__ASSIGNMENT__
Could you write out, exactly, every line from the top of the data through the line holding "Helen and Spammy"? Omit the pictures.

__DATA__
──────
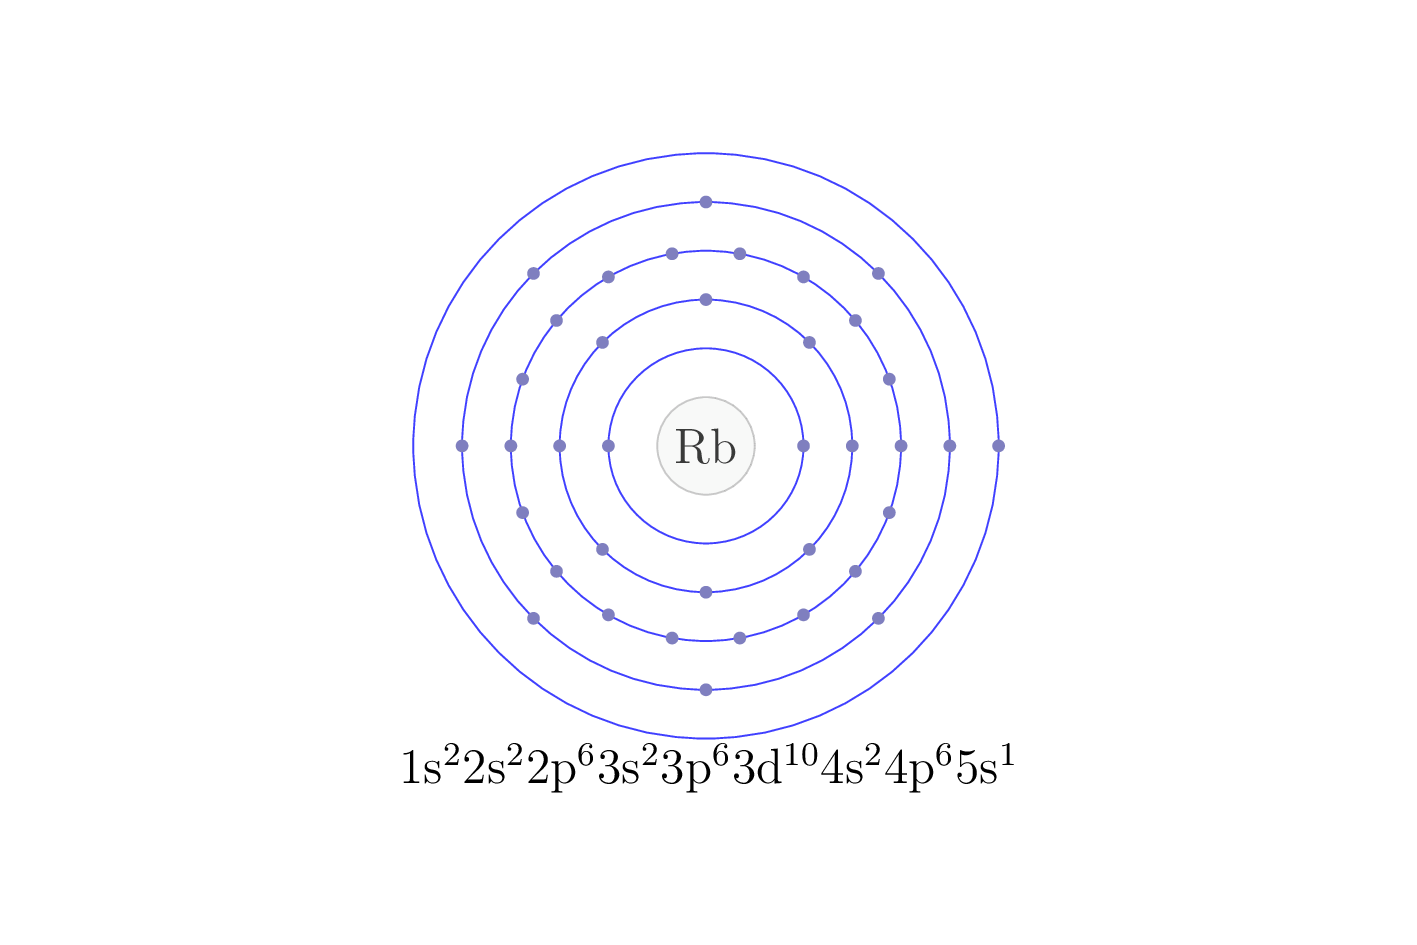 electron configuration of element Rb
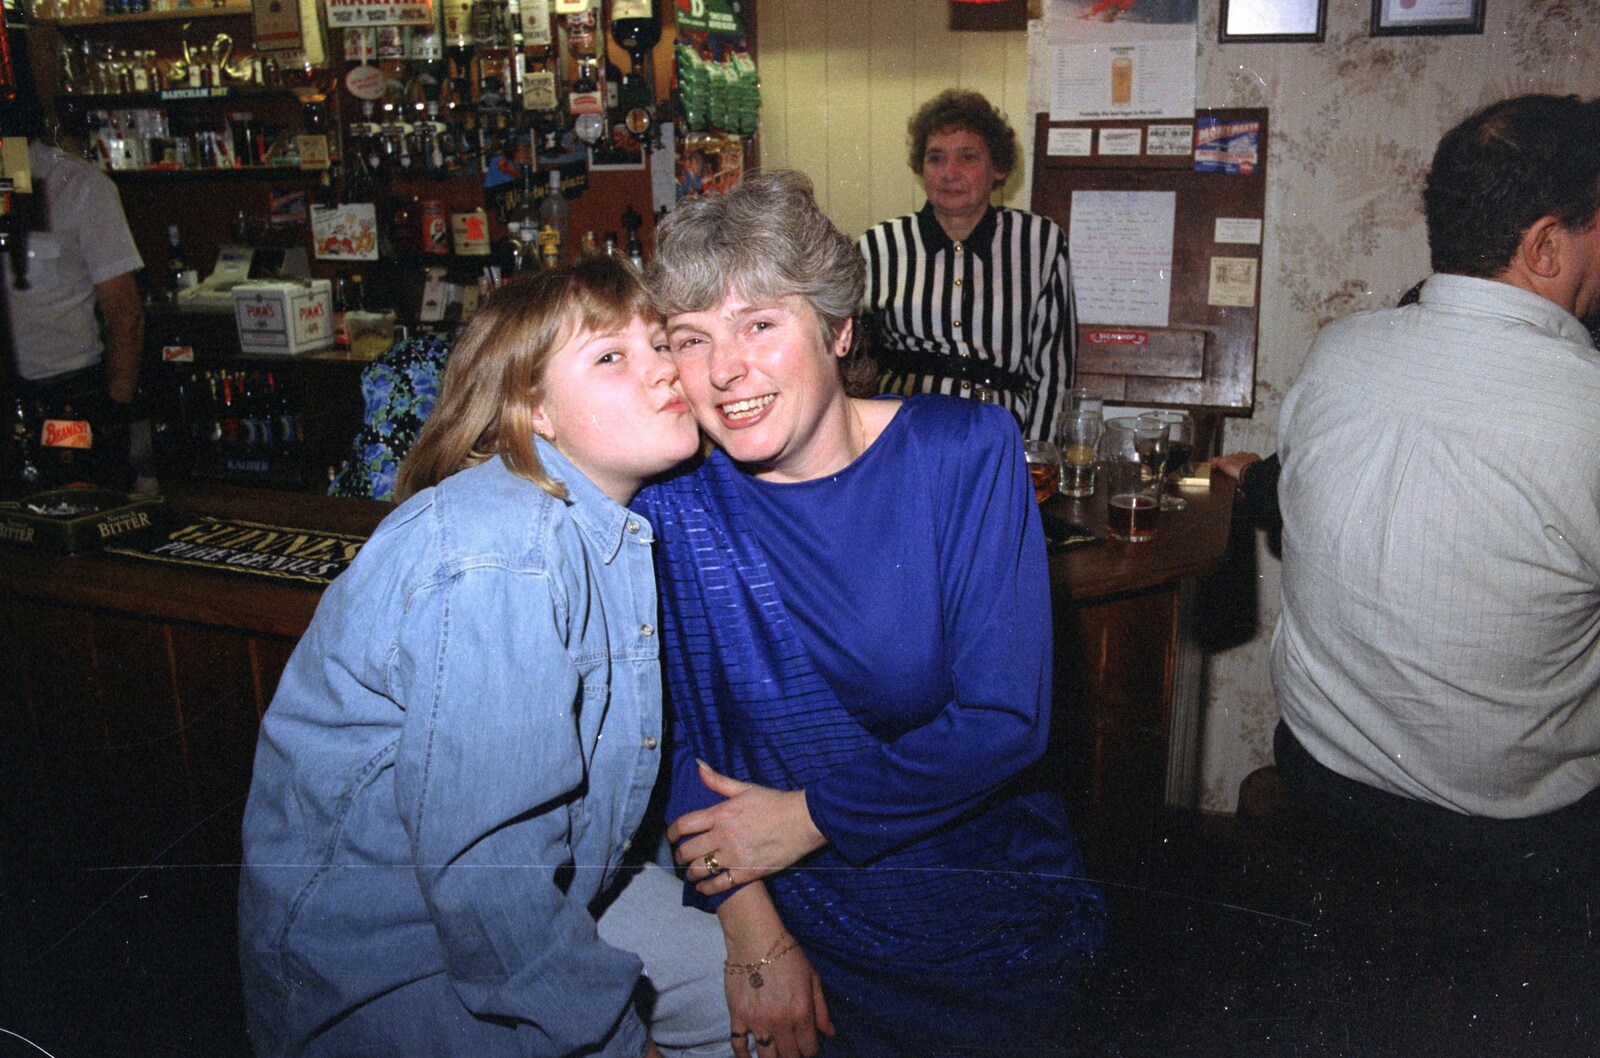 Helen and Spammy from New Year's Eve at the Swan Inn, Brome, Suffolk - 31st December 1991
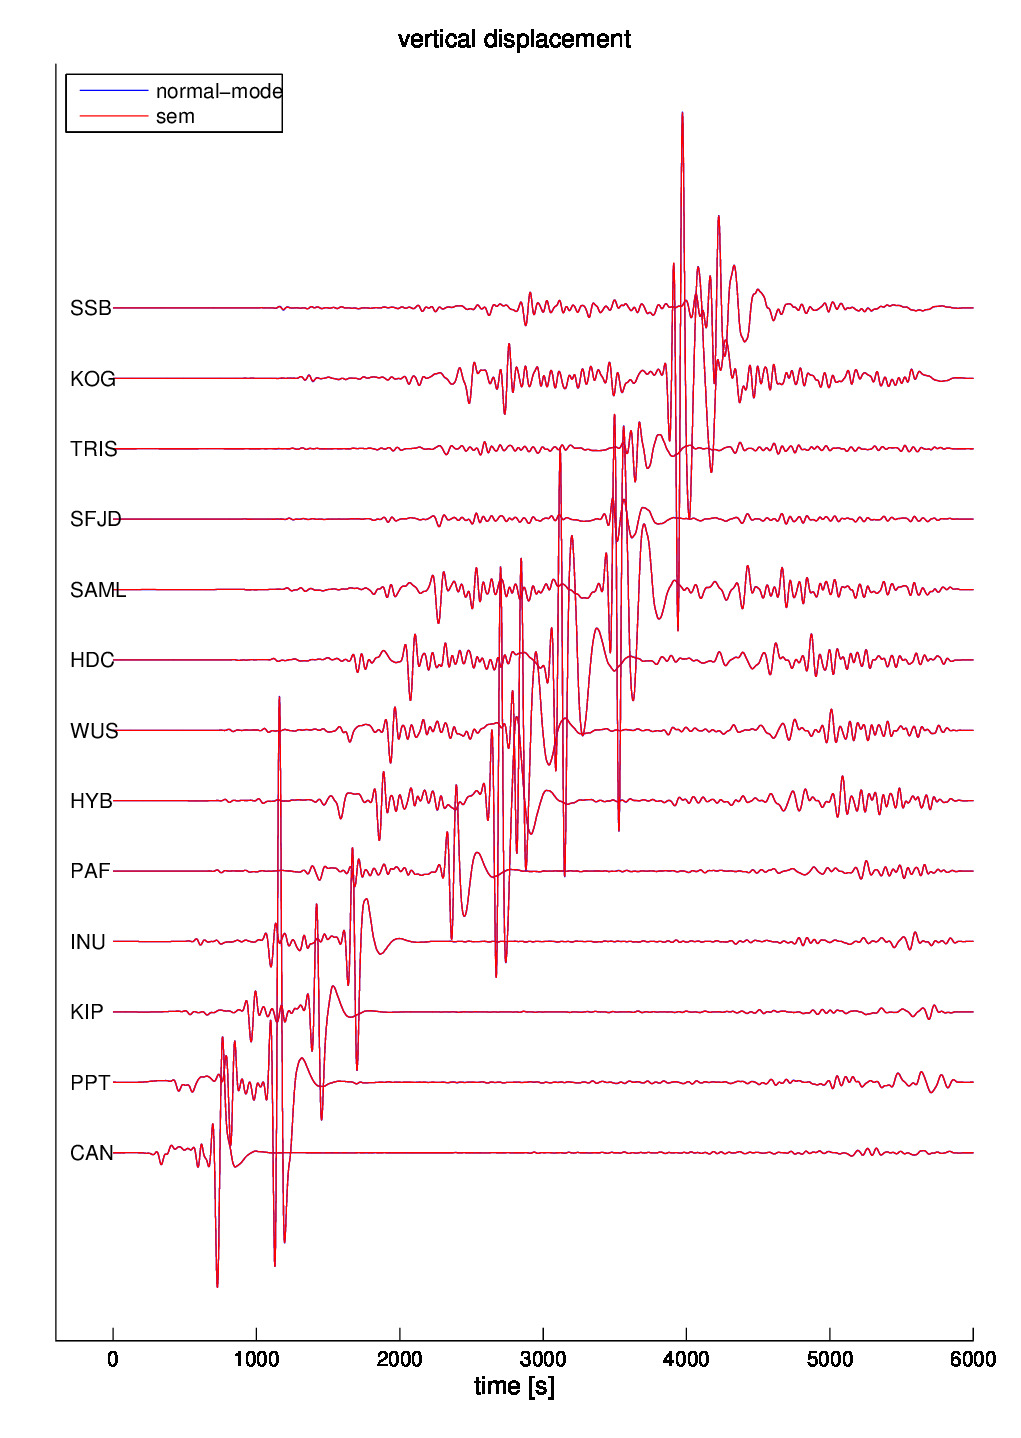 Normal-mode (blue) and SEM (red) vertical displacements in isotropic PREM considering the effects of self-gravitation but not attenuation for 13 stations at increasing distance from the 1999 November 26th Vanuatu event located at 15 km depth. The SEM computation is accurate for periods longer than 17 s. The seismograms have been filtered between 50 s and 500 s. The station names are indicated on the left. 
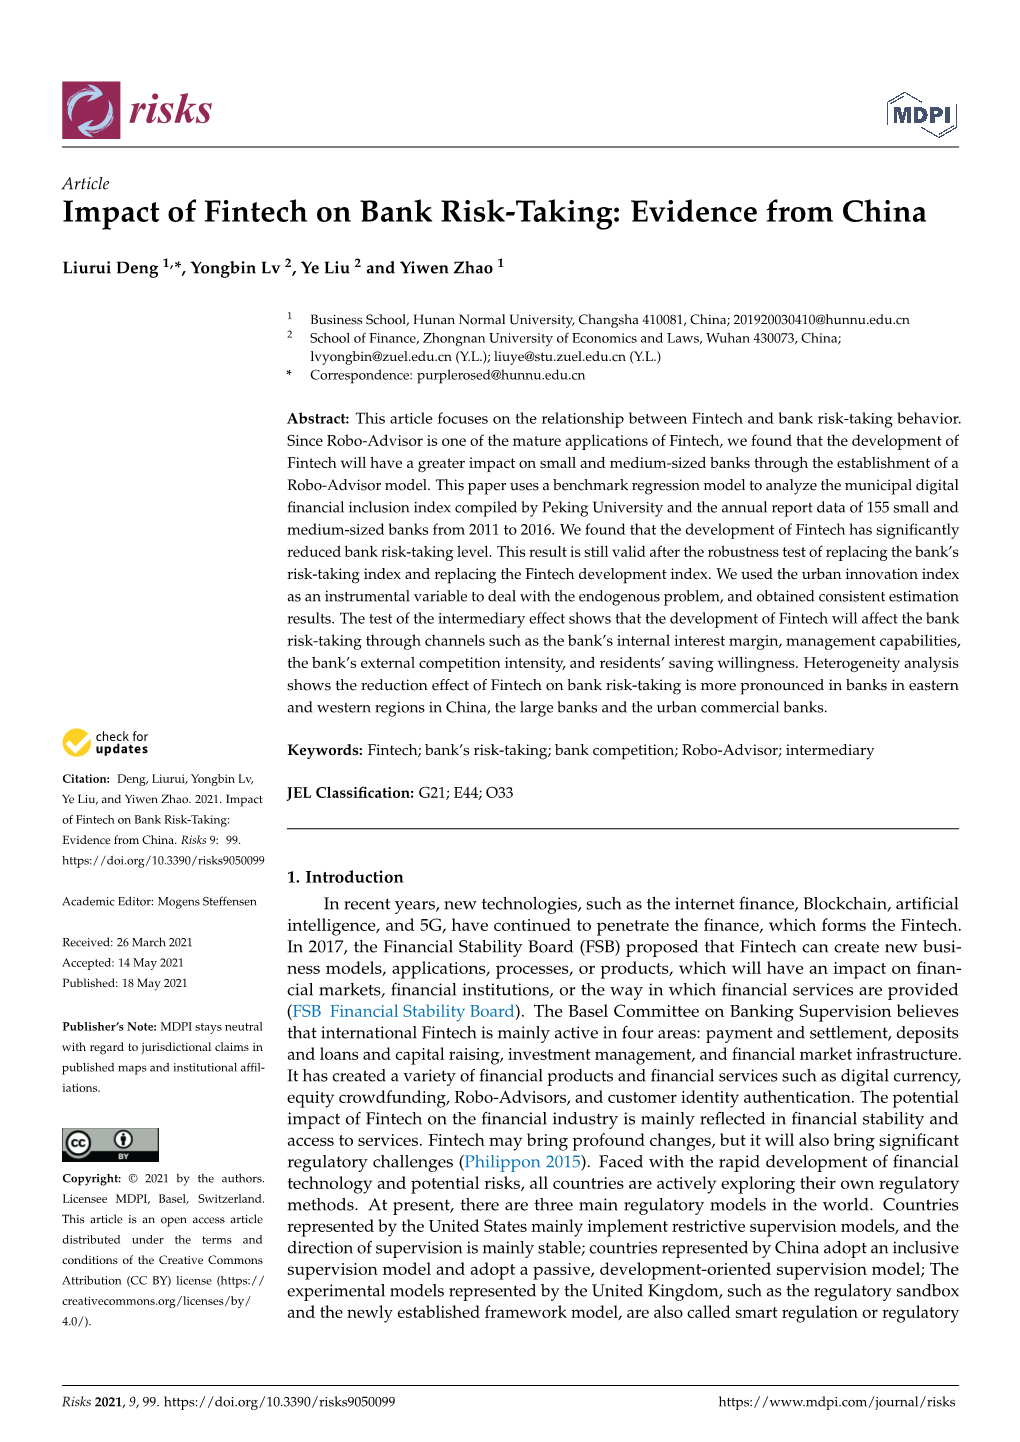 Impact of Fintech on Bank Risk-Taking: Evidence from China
──────
__COMPLETED EXERCISE__
 electron configuration of element Rb
 Helen and Spammy from New Year's Eve at the Swan Inn, Brome, Suffolk - 31st December 1991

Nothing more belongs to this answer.